Some parallels are difficult to understand, such as when S and the monkey are seemingly at odds with one another. This represents the unconscious struggles we have with our very selves in certain situations. For example, the monkey is shrieking and swinging in the halyard apparently having fun while S is stupefied that the ship even exists. The monkey swings back and forth over the ship, as do S‘s eyes wander in wonderment at the vessel. The monkey shrieks as he swings, indicating the shouts of amazement that S feels inside over his astonishment.

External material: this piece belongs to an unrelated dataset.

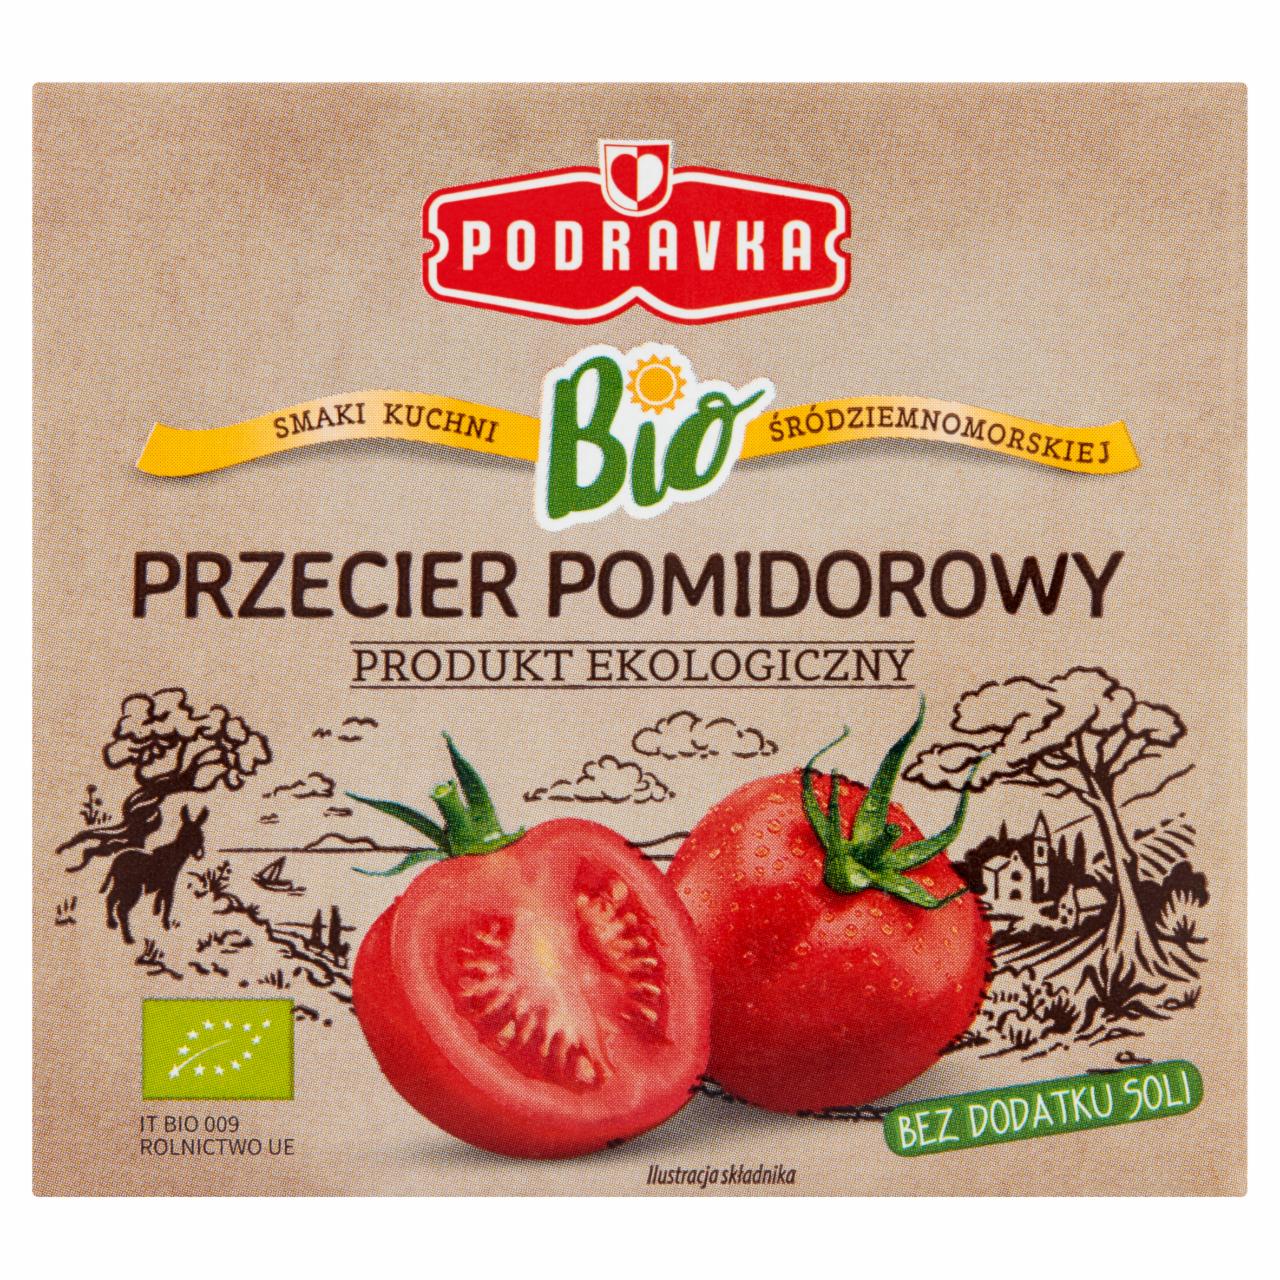 Zdjęcia - Podravka Bio Przecier pomidorowy 500 g

One of the most interesting monkey encounters is as S attempts to communicate with the pouting female sailor. The monkey encircles the sailor, jabbering away as if to taunt her for having her mouth stitched shut. At the same time, S approaches the sailor and “jabbers away” as well, attempting to get her to communicate. She seems to have one mission – to mop the deck. She wanted the monkey to help, but he doesn’t. In fact, he leaves a puddle of urine on it after she has cleaned it. This is representative of what S does with the sailor. She has one purpose – to clean the ship with mop and holystone. She, another symbol of his unconscious, is trying to help S understand himself by cleaning away what obscures. But he doesn’t understand. And his failure to understand sends her away in a huff. He has urinated on her work.

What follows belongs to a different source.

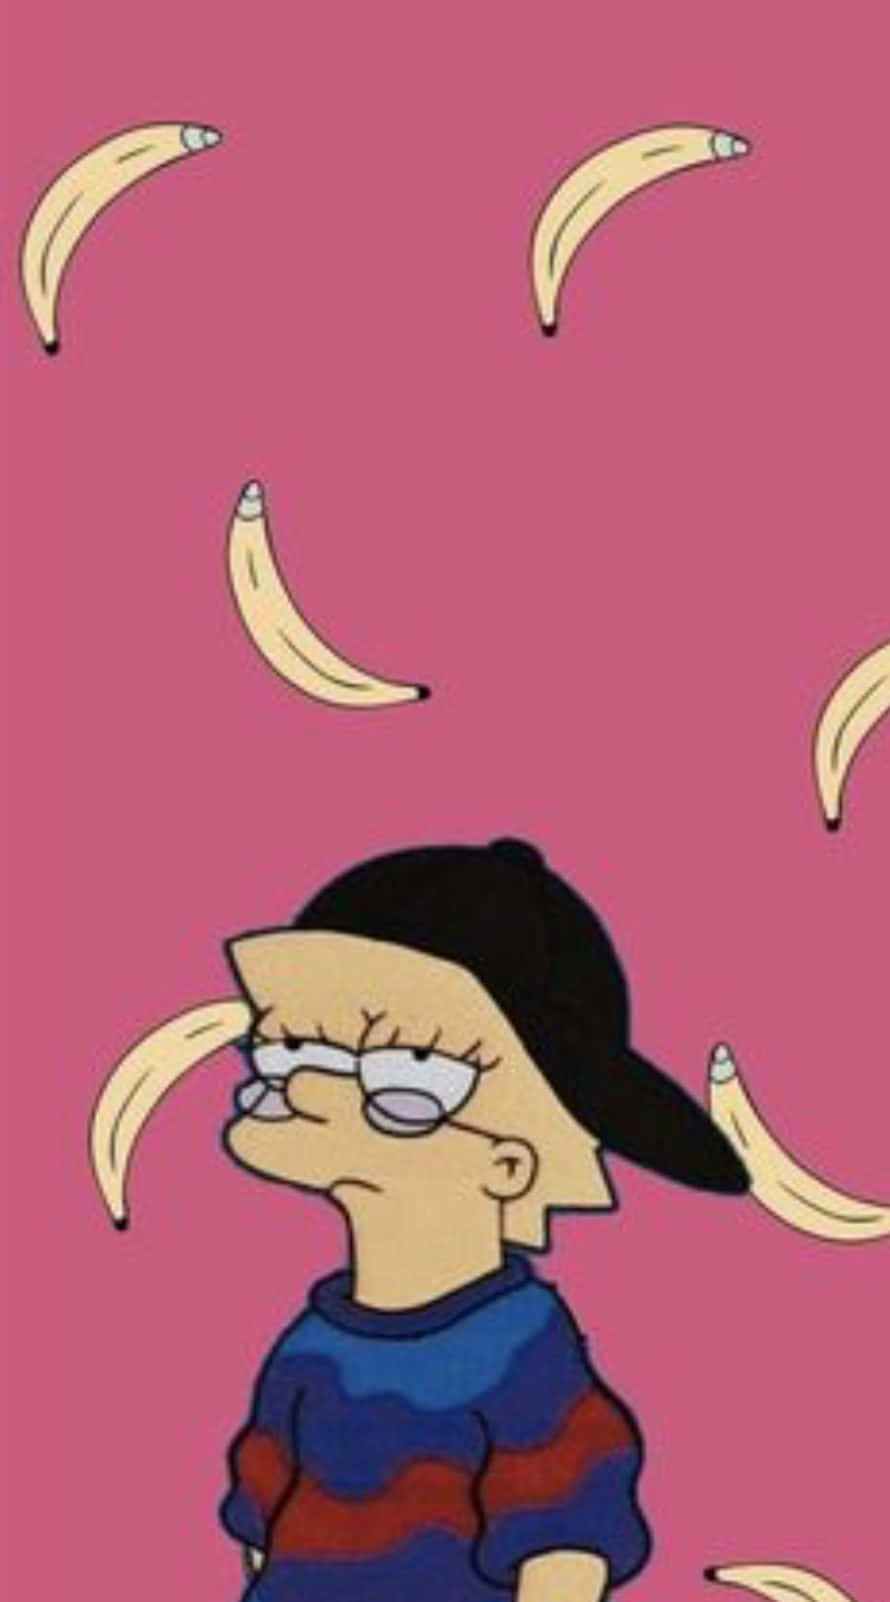 Sad Lisa Simpson With Bananas Wallpaper

When S dreams that the monkey is on Sola’s back, still and peaceful – this represents the work Sola is trying to accomplish. She, too, wants S. to understand himself. Know thyself, she seems to say in all of her encounters with S.

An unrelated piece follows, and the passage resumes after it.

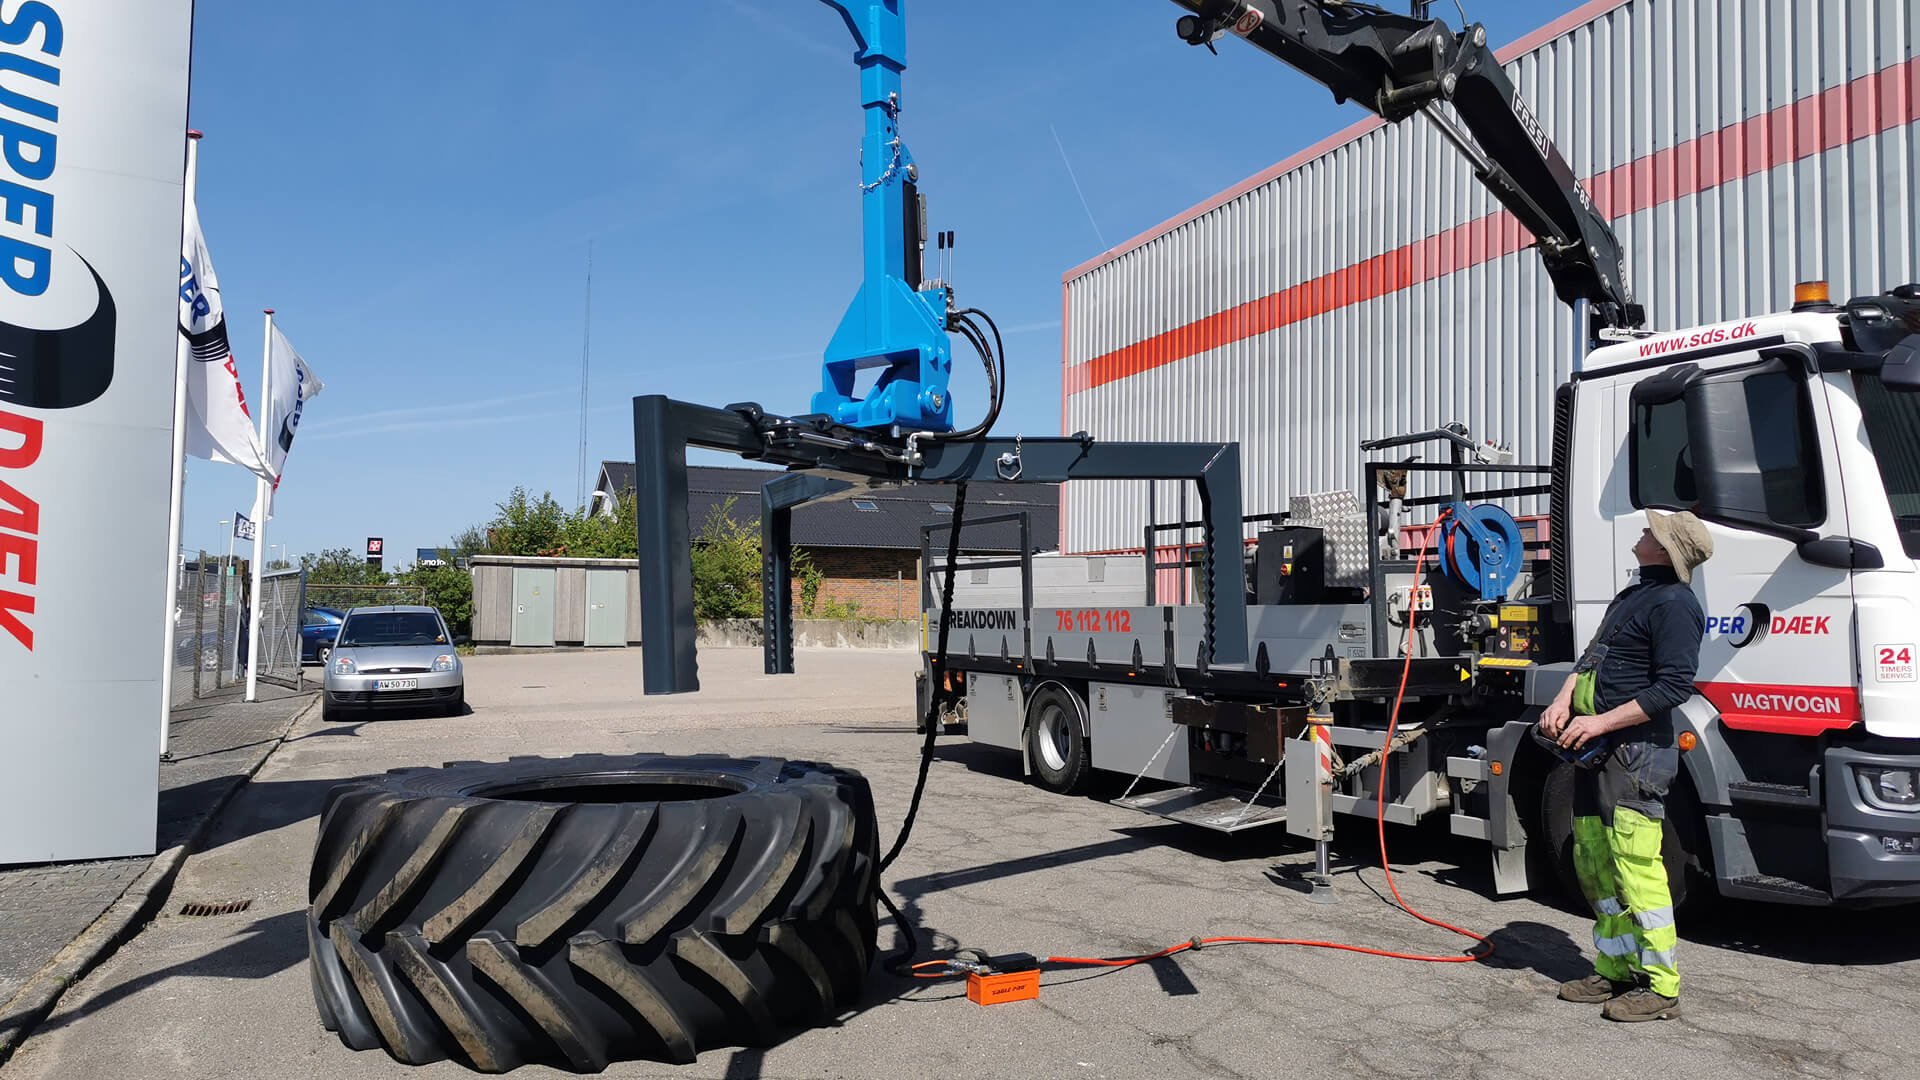 Easy Gripper Crane makes mobile OTR tyre service easy

As S “follows the monkey” (finding the path to the governor’s residence), it is here that he begins to truly understand himself. He finds the path of the monkey, but where does it lead him? Pfeifer. The enemy without has now become the enemy within one of S’s innermost circles at one point in his life. Has S, like Pfeifer, become the very man he set out to destroy? Has his quest for good led him to be just as evil as Vevoda – killing those that stand in his way? It seems so, because just as S decides to go ahead and kill Pfeifer, a shot rings out and kills a Magpie as he flees. The European Magpie, self-aware and colored black and white. Two players, two sides. One is light. One is dark. (Ok, that’s from LOST, but the same concept is at work here.) The monkey has led us to this deep, internal struggle between good and evil that exists deep in the unconscious of S – and of you and I.
And finally, in the climax, we see that rather than kill a thousand people and murder Vevoda, S merely has the heir to the throne drink just enough avis veritatas (bird of truth) to be honest with himself and the crowd. Vevoda is left alive, and the monkey does overcomes evil with S‘s newfound truth: evil is drained of its power when S. ceases to fight it on its own terms. Do not overcome evil with evil, but overcome evil with good as the good book says.
In the end, when S has finally realized this truth and internalized it deep in his unconscious, he is finally able to see himself clearly. He finds the spyglass, underneath the sleeping monkey’s perch, and is able to see a new ship – reconstructed and ready to sail the high seas with Sola by his side.
Who is Sola? Well, that’s another post…
Mystimus
P.S. Jen Heyward makes a comment on p455, near the end…
See? This whole final sequence was hers from the monkey’s appearance on.
Eric and Jen are now apparently have the original VMS manuscript for Ship of Theseus. It appears FXC changed the ending from the monkey’s appearance on (Straka’s version gave Jen nightmares – p452). Meaning? That FXC was trying to convince VMS (if he was still alive) and his readers that there is a better way. We are all dying to know that Straka’s version is, I’m sure. But that is the point – which ending will we write in our own lives for similar struggles? What will we decide for ourSelves?